Image of laptopWhat’s the number one problem reporters have with public relations?

In a survey of more than 1,700 journalists and editors sponsored by Bulldog Reporter and Cision, 60% of them cited their biggest beef as the lack of relevance of the materials they received from corporate communications and PR professionals. Much of this information, they noted, is written like advertising, not journalism.

That’s a sure-fired way to have your news release or press kit trashed.

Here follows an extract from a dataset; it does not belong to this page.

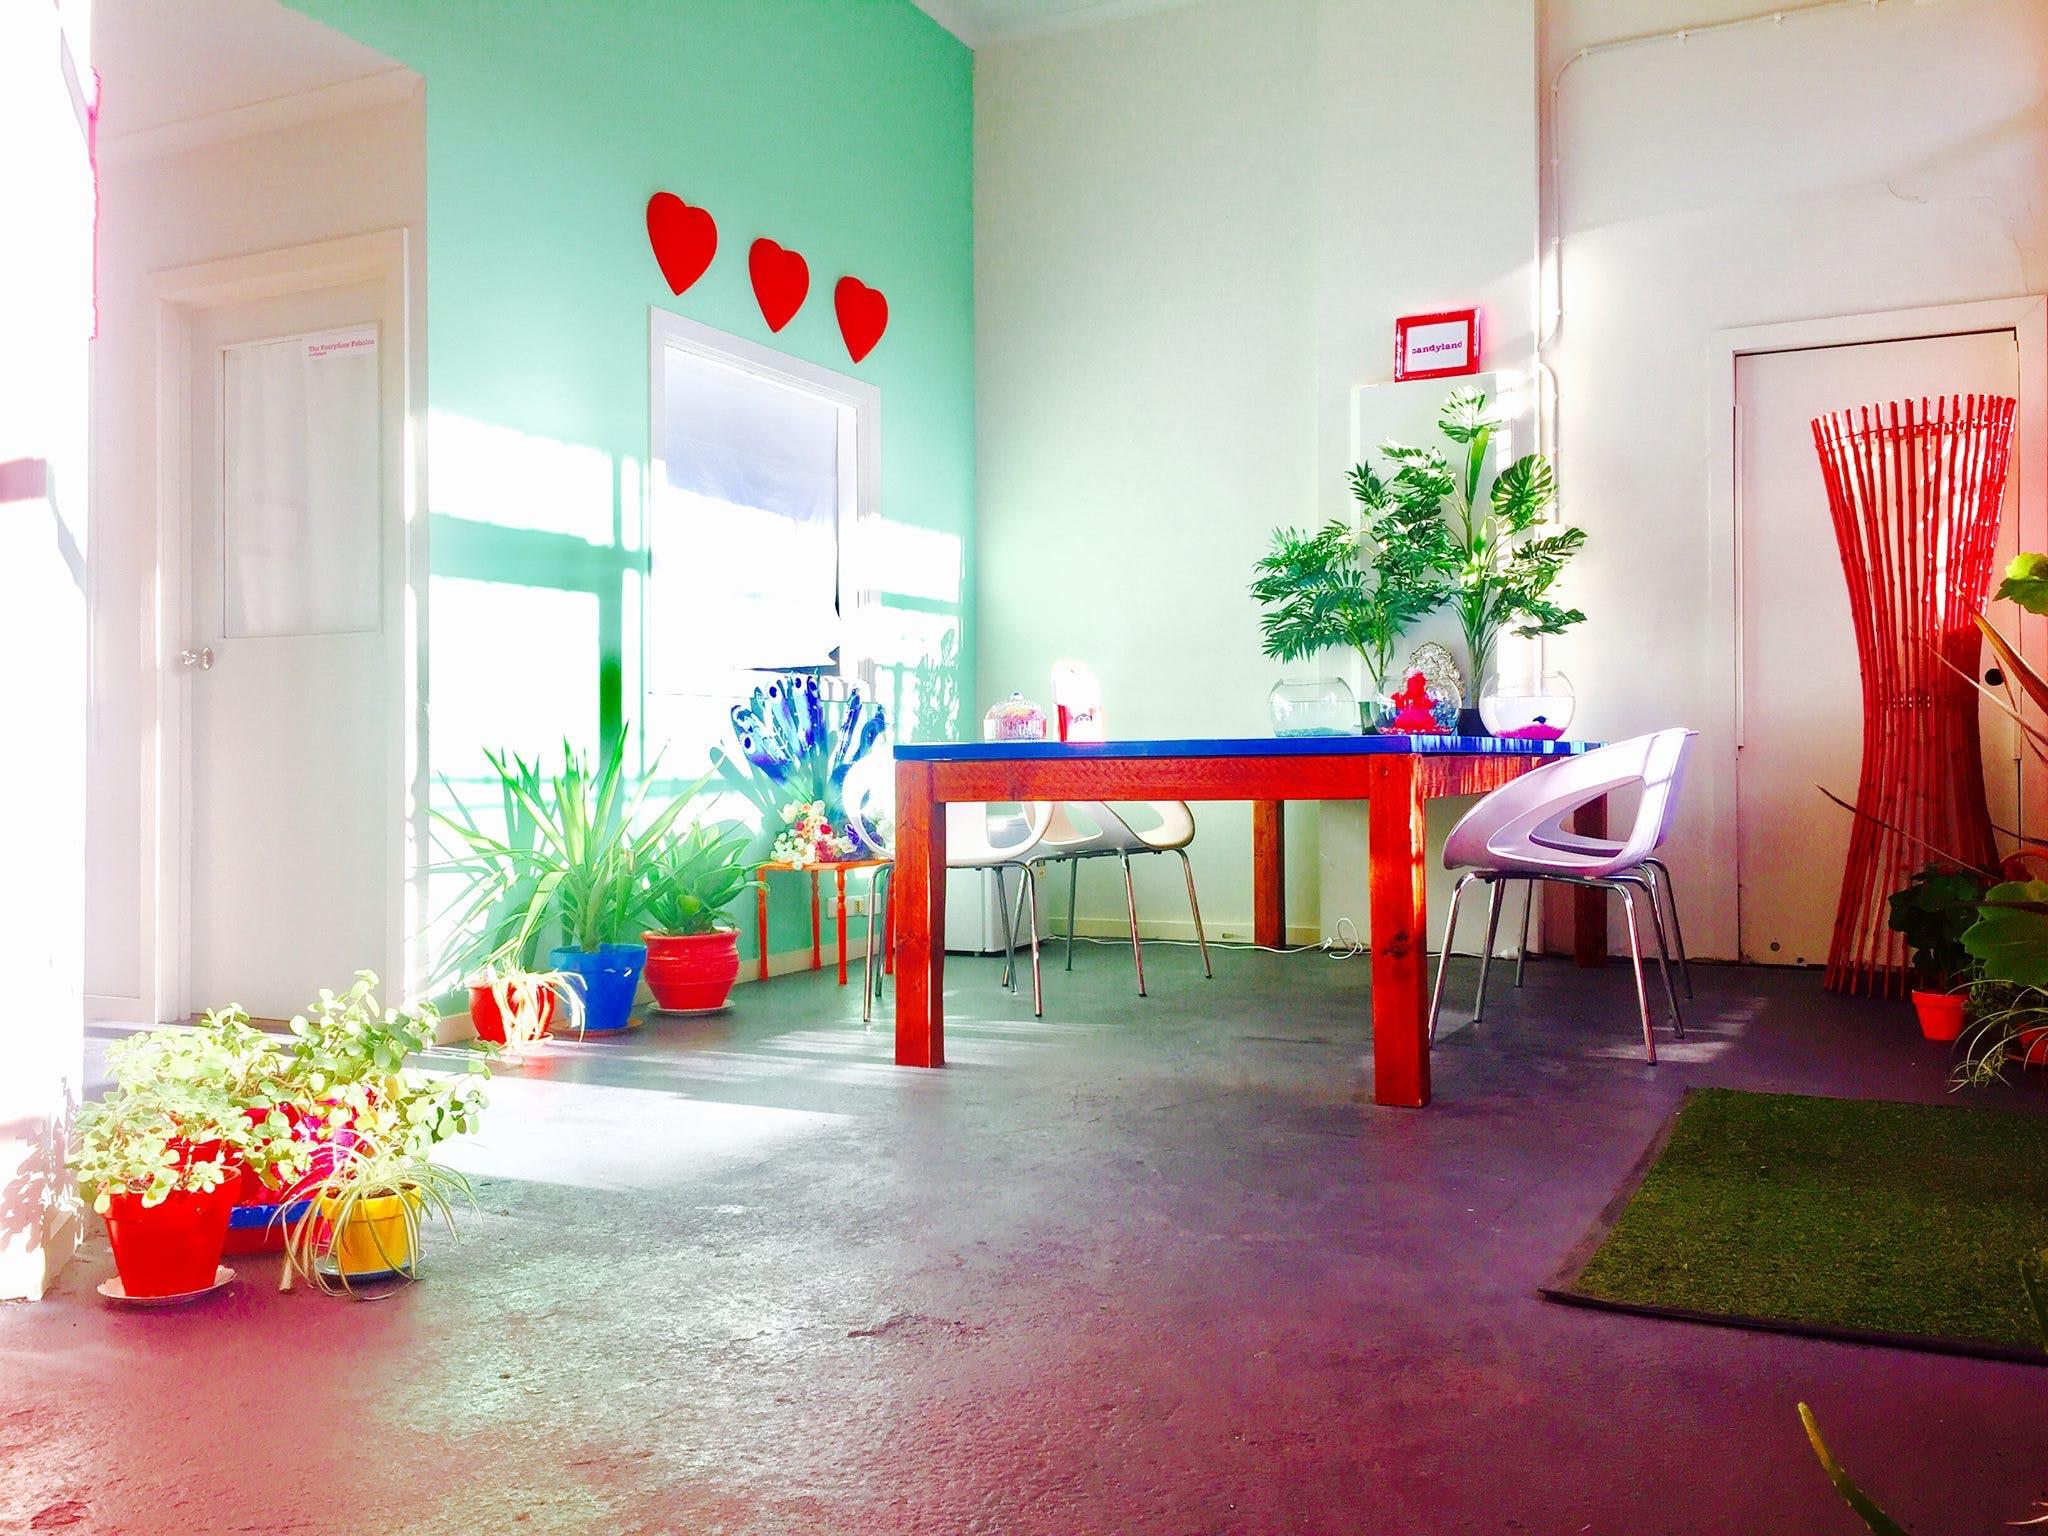 Sherbert Showroom, multi-use area at Candyland, image 1
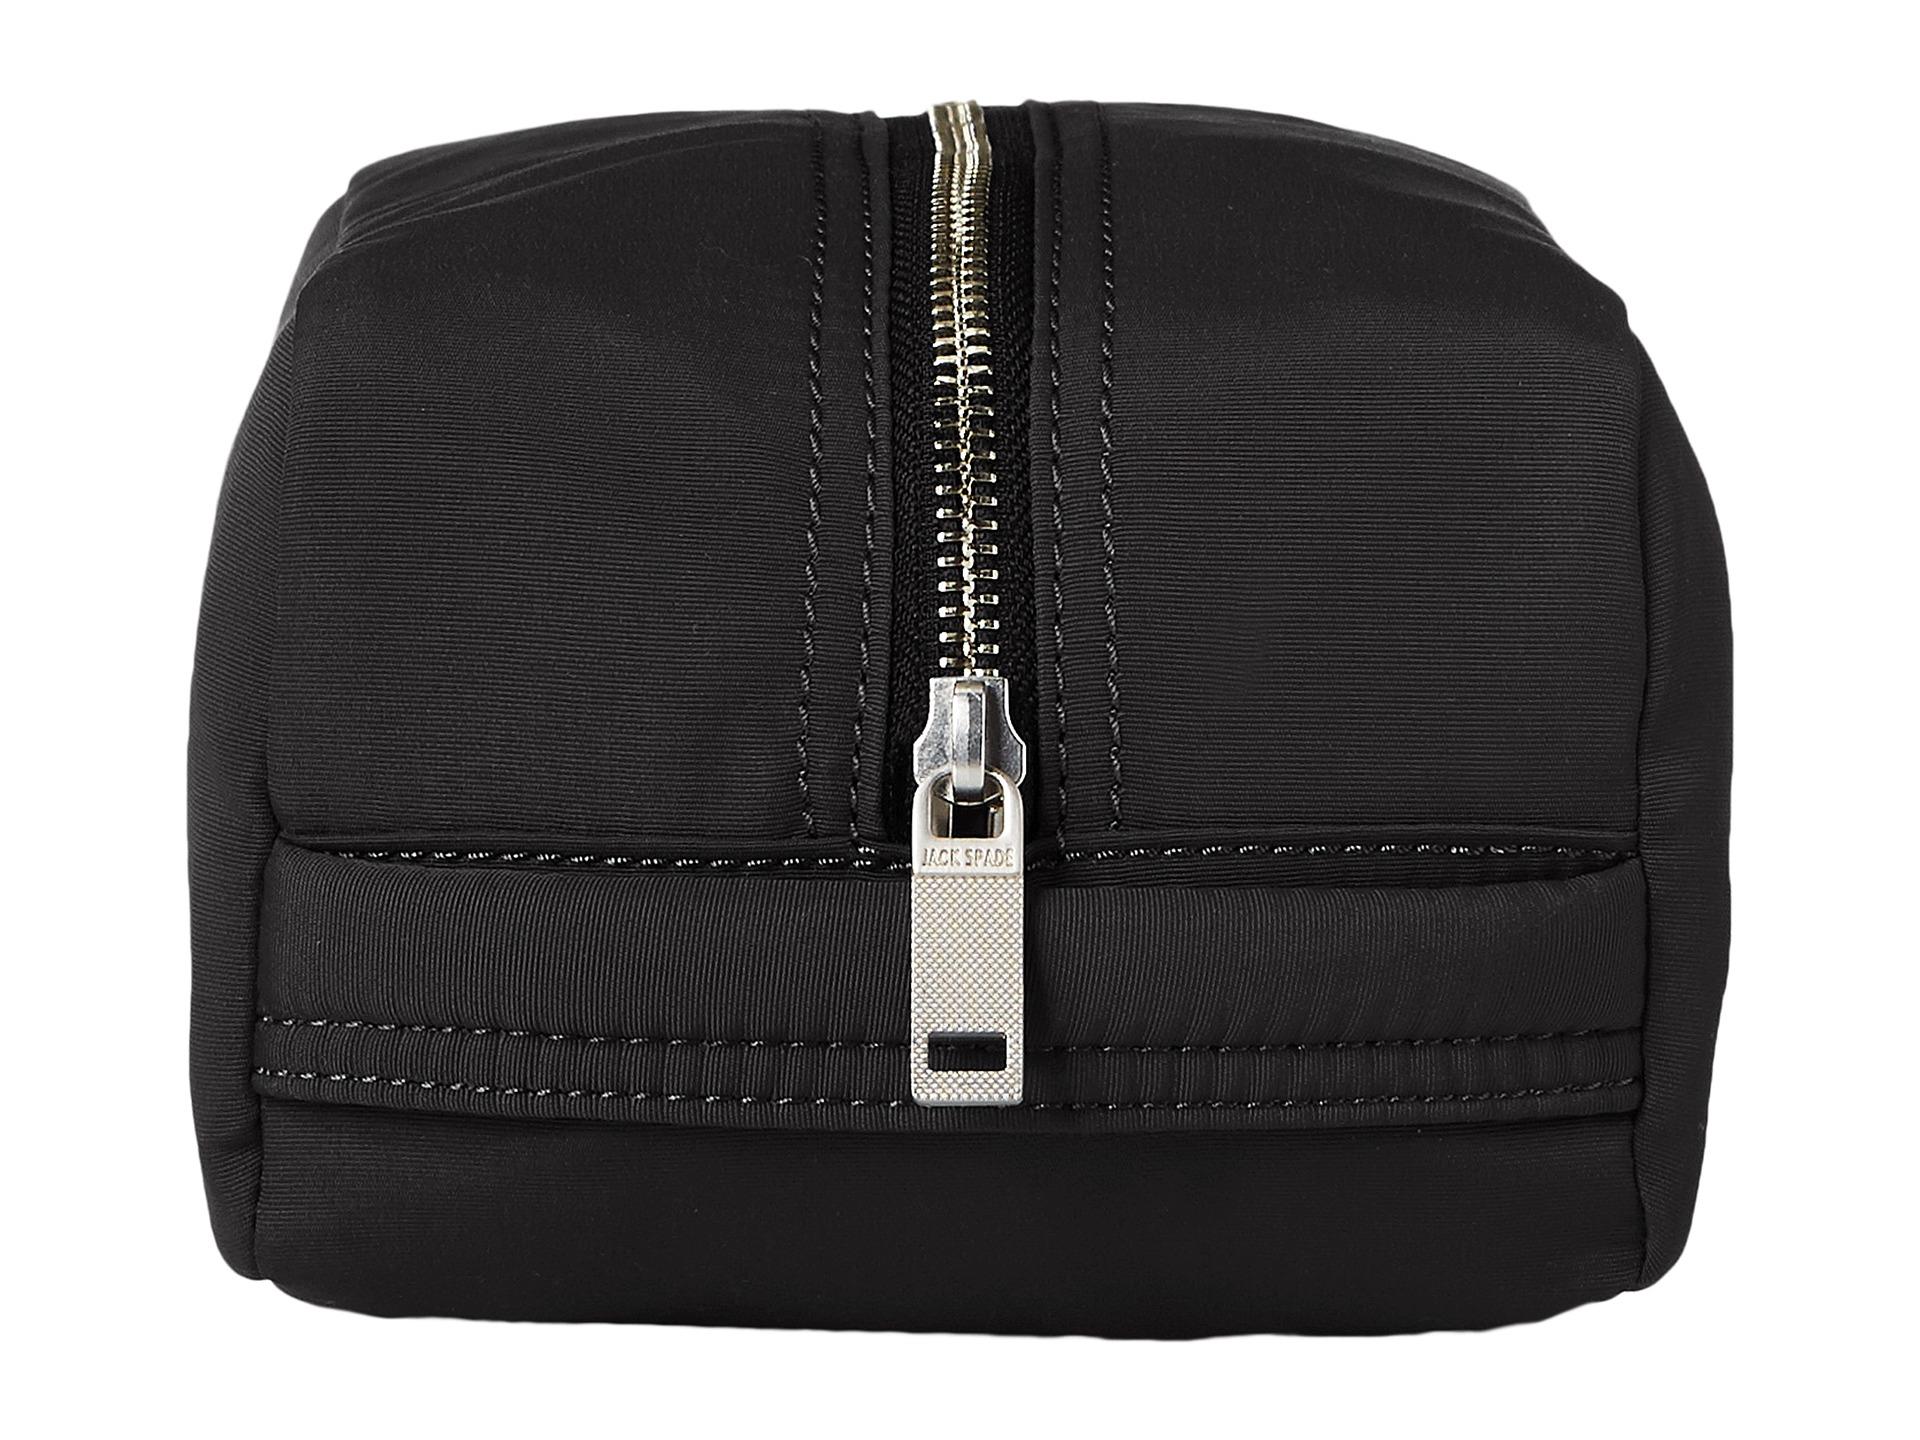 b04bf9d9ad16 Lyst - Jack Spade Tech Nylon Toiletry Kit in Black for Men

Ad agencies that want to be taken seriously by reporters should avoid these eight mistakes when writing a news release:

1. The “no news” news release. This is where you’re trying to get your agency or client some media coverage but without a real news hook. It’s better to hold off on your release until you have an appropriate angle to justify contacting a reporter. If you want some ideas on creative publicity topics, check out my “Ad Agencies Top 20 Topics for Publicity” post.

2. Puffery and exaggerated descriptions of people, events, products or services – followed by lots of exclamation marks!!!!!! Nothing screams amateur quite like that.

3. Platitudes and vague generalities.

4. Verbosity. It’s usually harder to write short, concise copy than long copy, but journalism is all about being succinct and to the point.

5. Stating things that are subjective and opinion-based as facts. If you want to include a statement that involves an opinion or judgment, turn it into a quote and attribute the statement to someone.

6. Writing about “pseudo” events that are contrived to get attention but have no real news value.

7. Consistently leading with the name of your boss in the headline or first paragraph.

8. Writing like an advertising copywriter instead of a journalist. (See journalists’ top concern above.) To be considered credible by the news media, you have to write your news release as objectively as possible, emphasizing its news value, connection to a trend or its human interest aspect. Use third-person pronouns and the active rather than passive voice.